## INSTRUCTIONS TO FOLLOW
Leave the pictures out. Return all other data exactly.

## RECORDED DATA
__________________________________________________
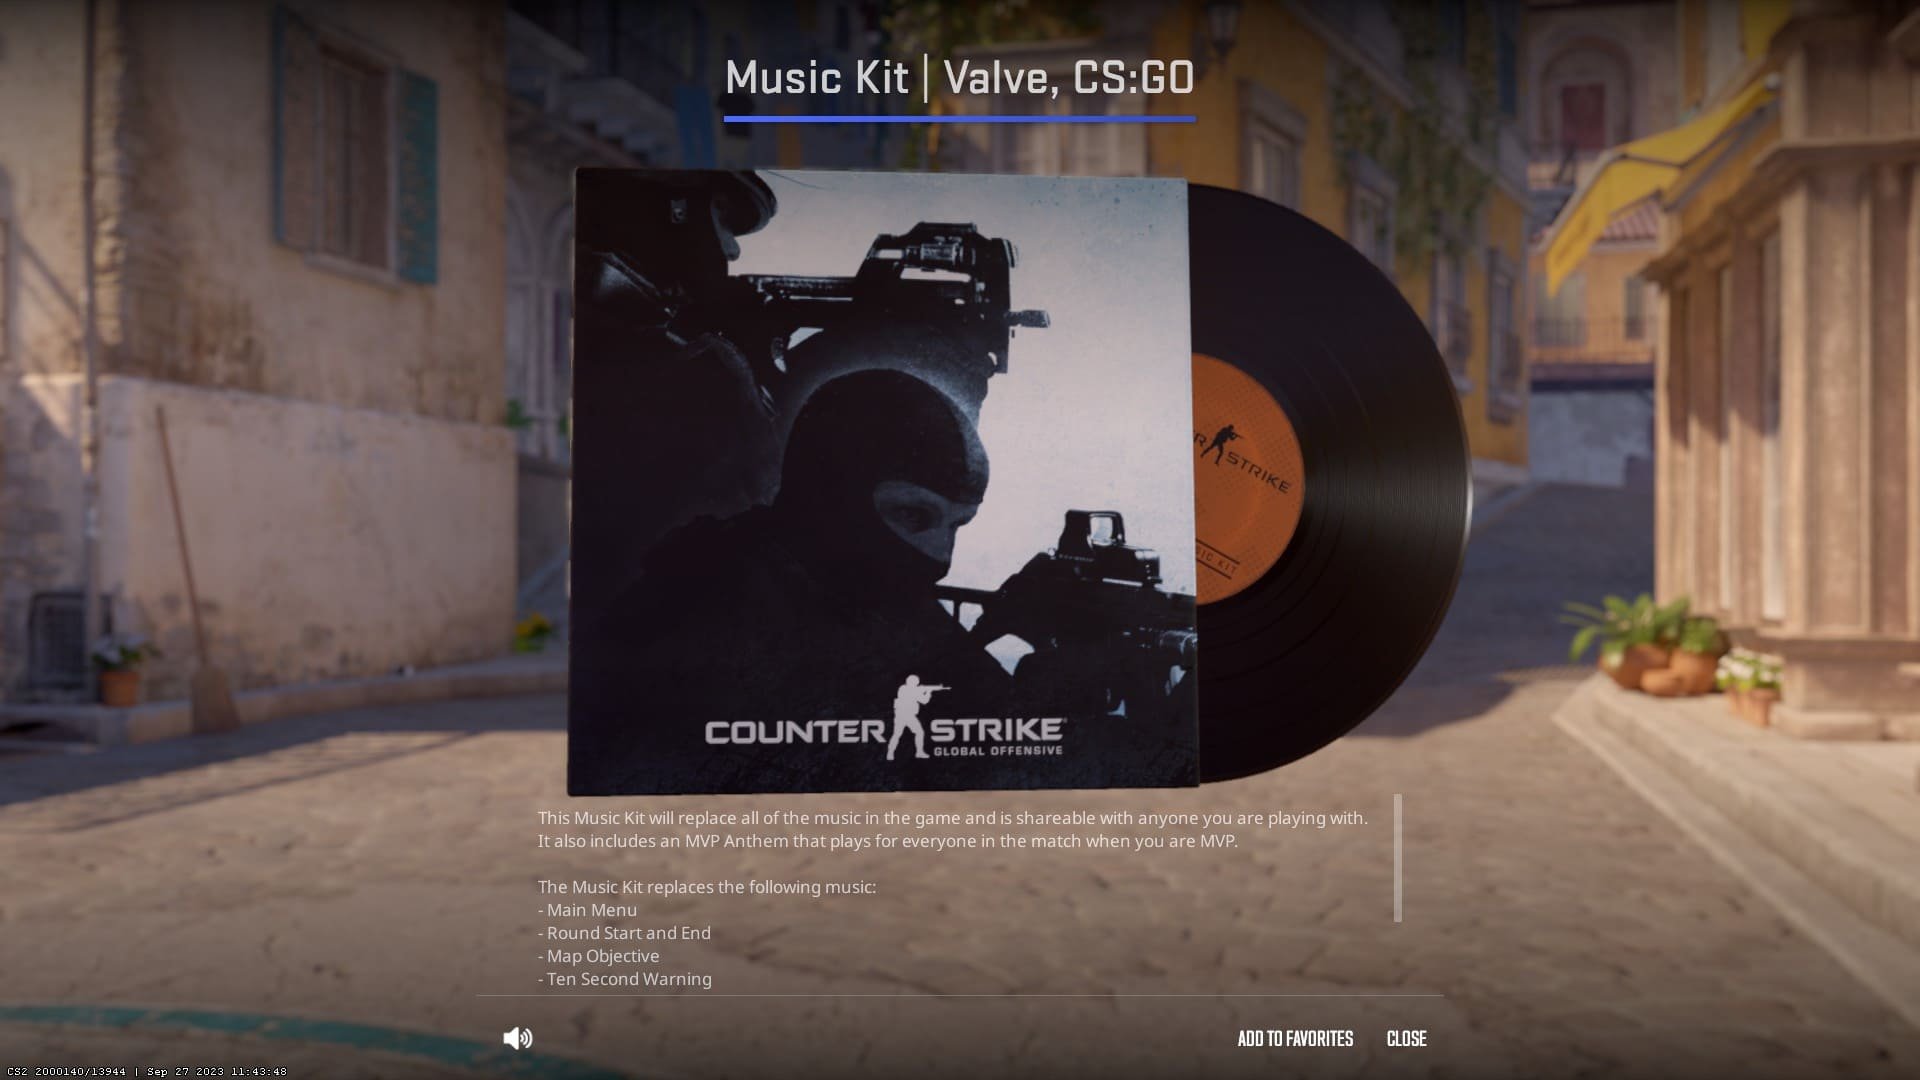 Counter-Strike 2 is officially released! — GamerPay Blog
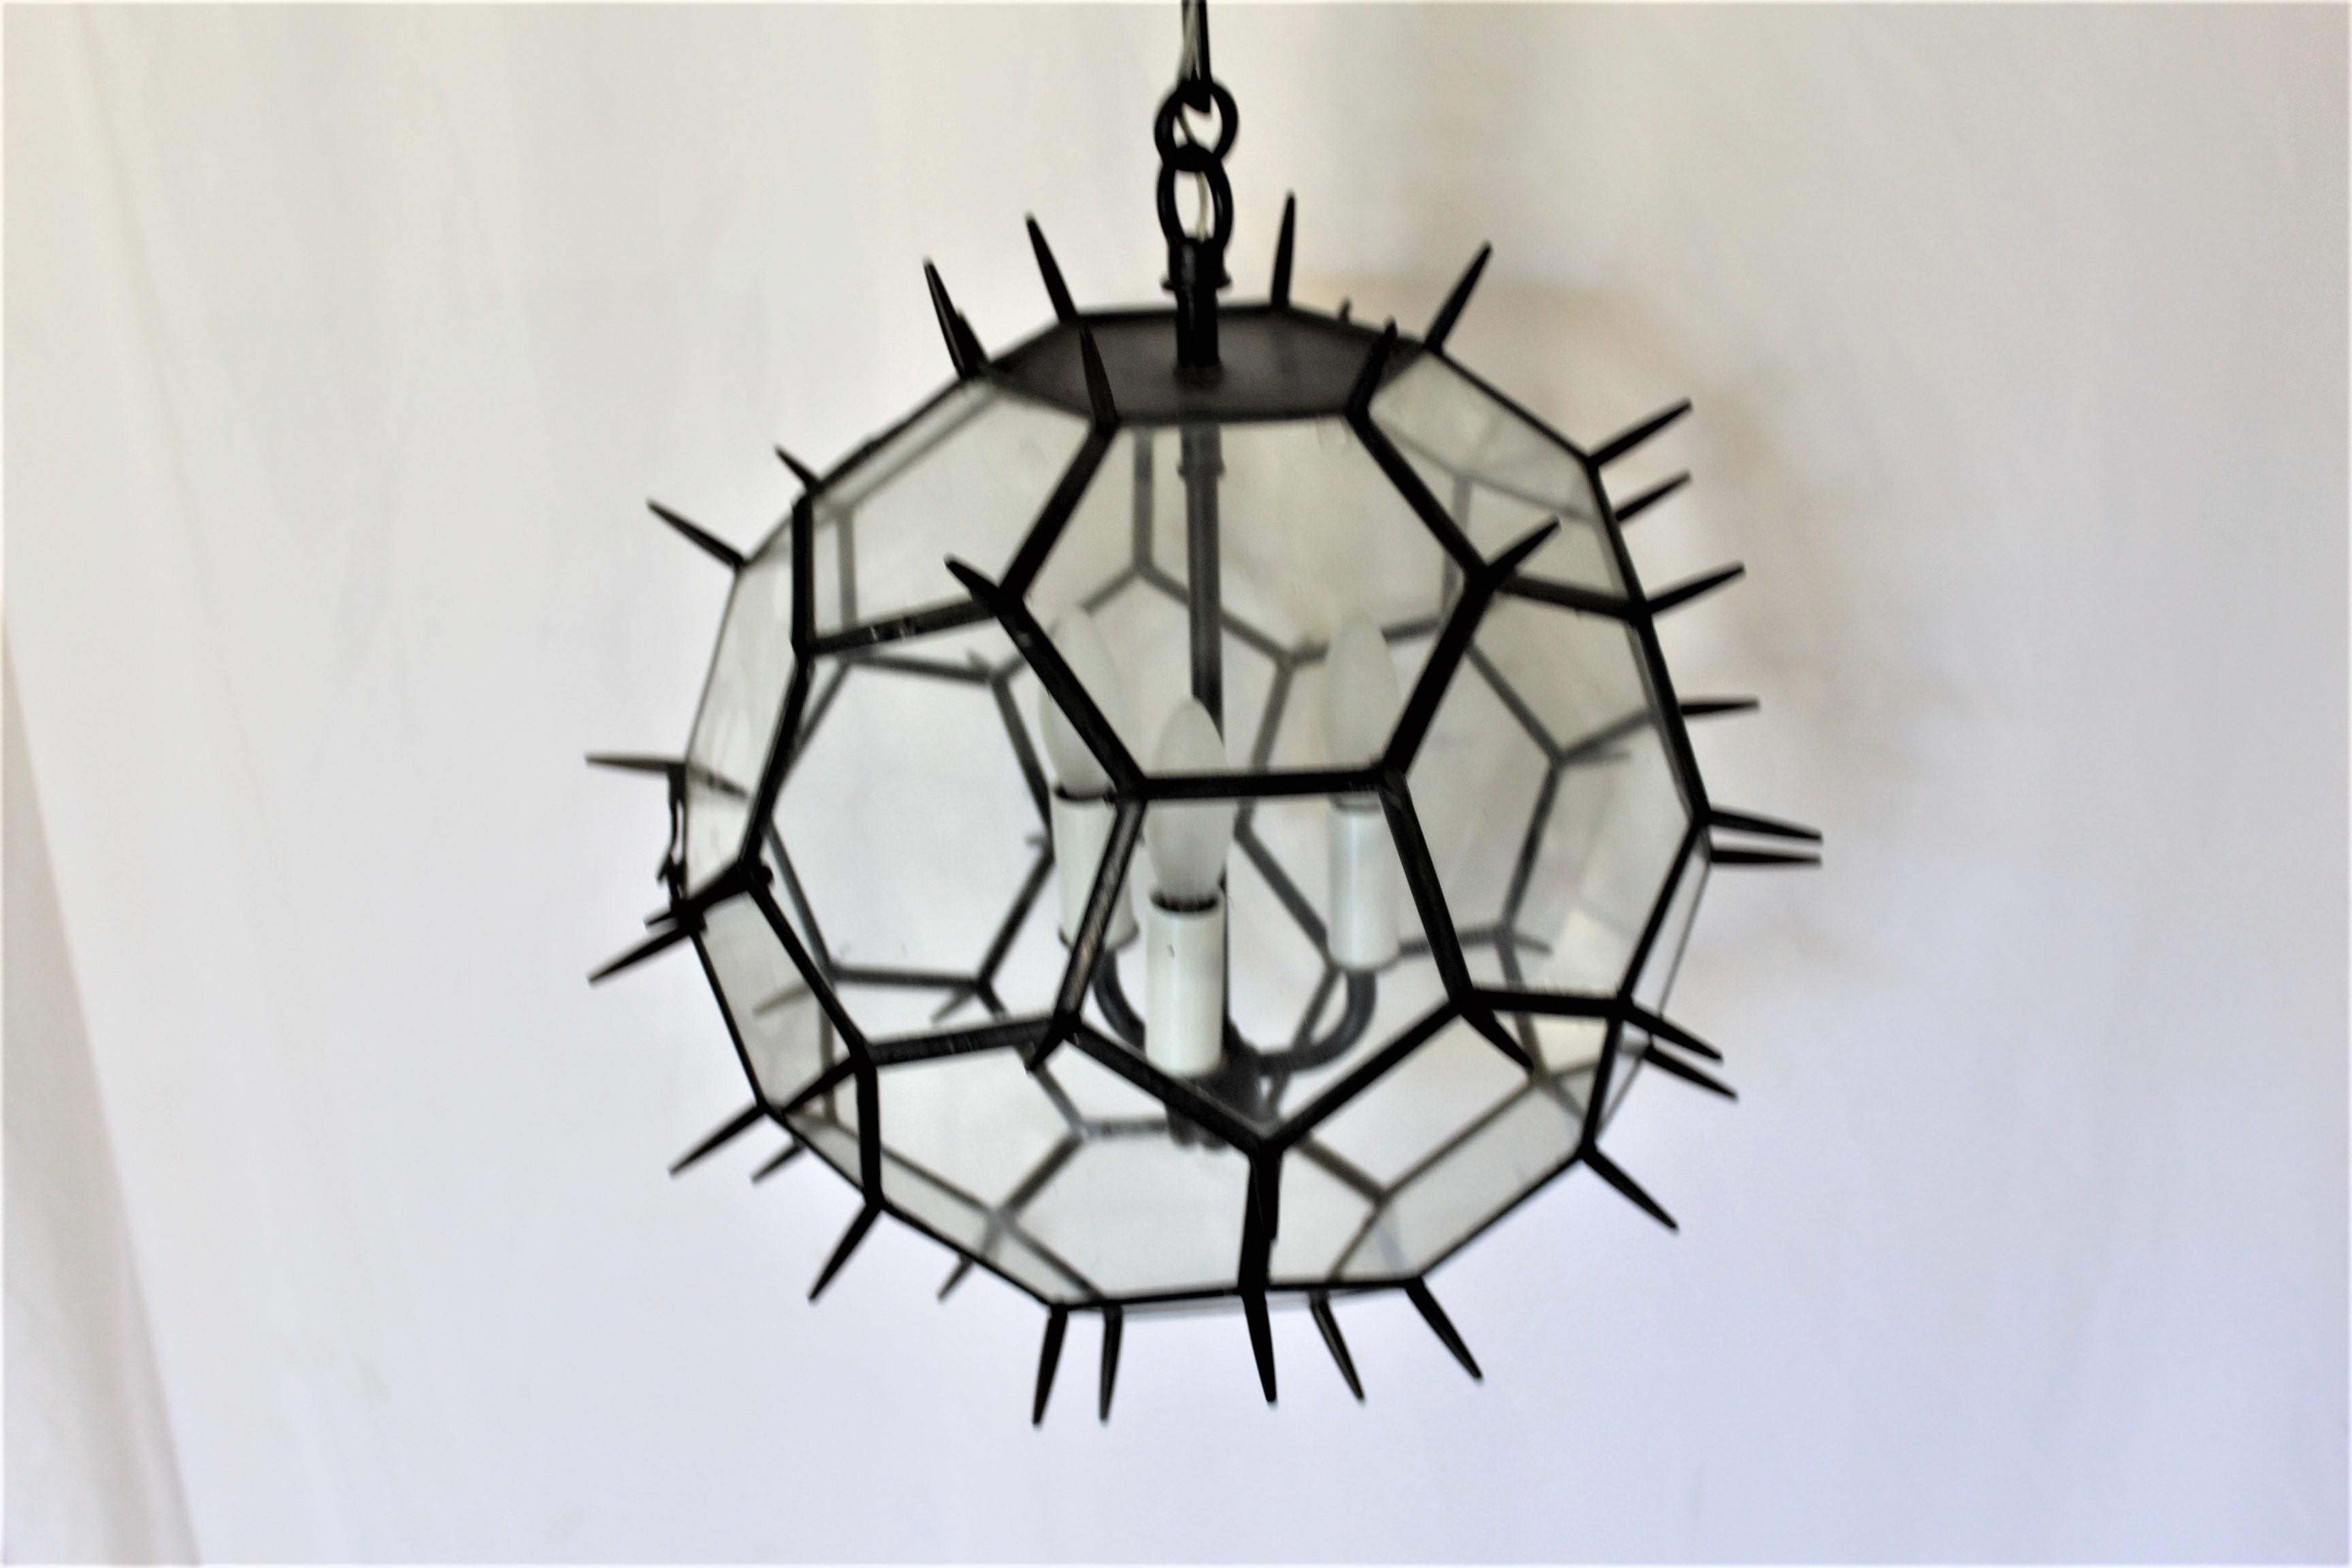 A Custom designed and Custom made Pendent in the shape of a (Soccer Ball ) with applied spiky points ! Looks neat when lit up ! No others were ever made like this. A one of a kind now ! This is the Showroom sample, never sold and put into storage
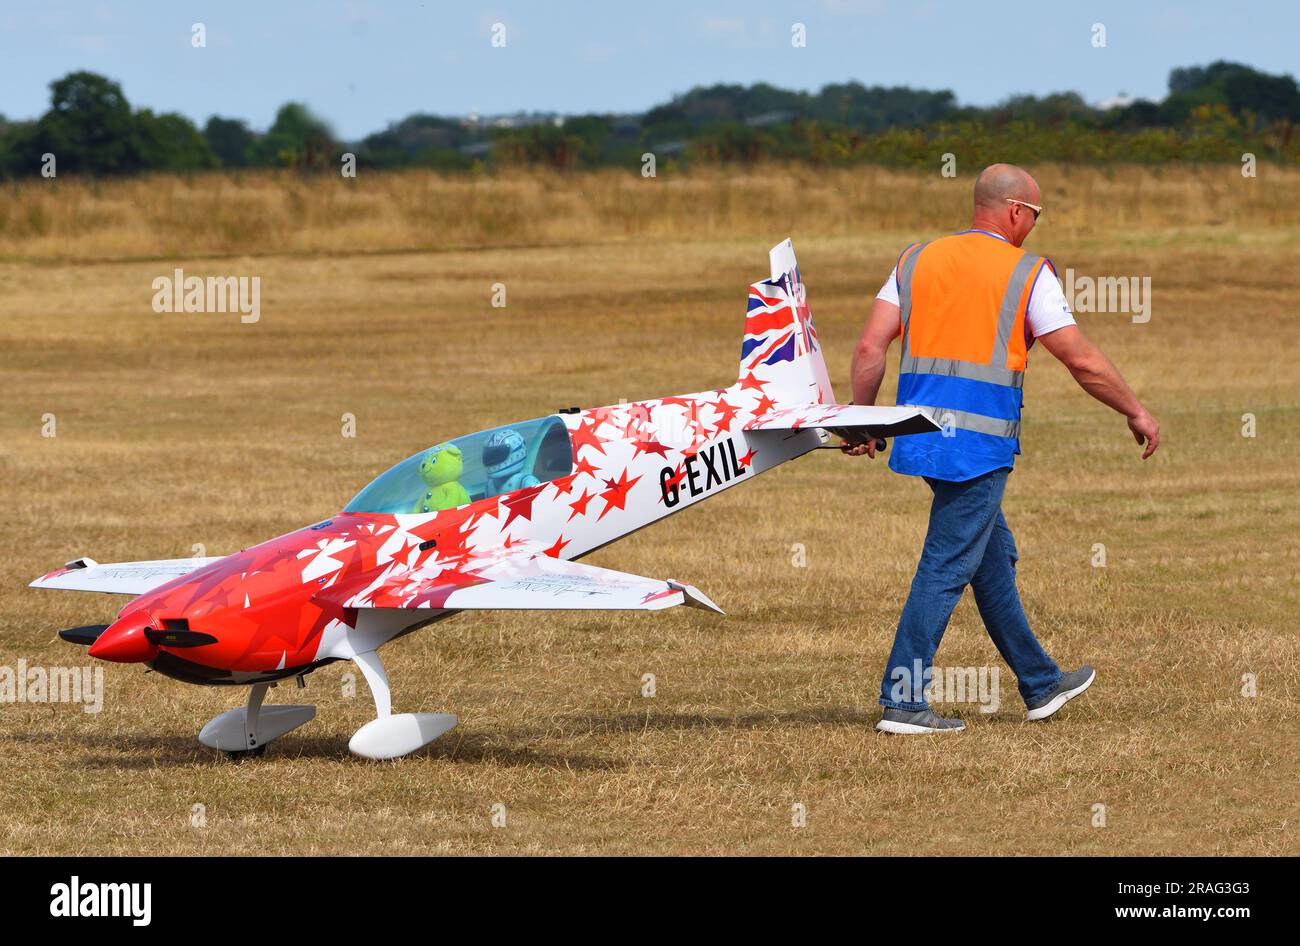 Large Radio Controlled aircraft being pulled accross airfield. Stock Photo
__________________________________________________
## ANSWER TO THIS TASK
 Counter-Strike 2 is officially released! — GamerPay Blog
 A Custom designed and Custom made Pendent in the shape of a (Soccer Ball ) with applied spiky points ! Looks neat when lit up ! No others were ever made like this. A one of a kind now ! This is the Showroom sample, never sold and put into storage
 Large Radio Controlled aircraft being pulled accross airfield. Stock Photo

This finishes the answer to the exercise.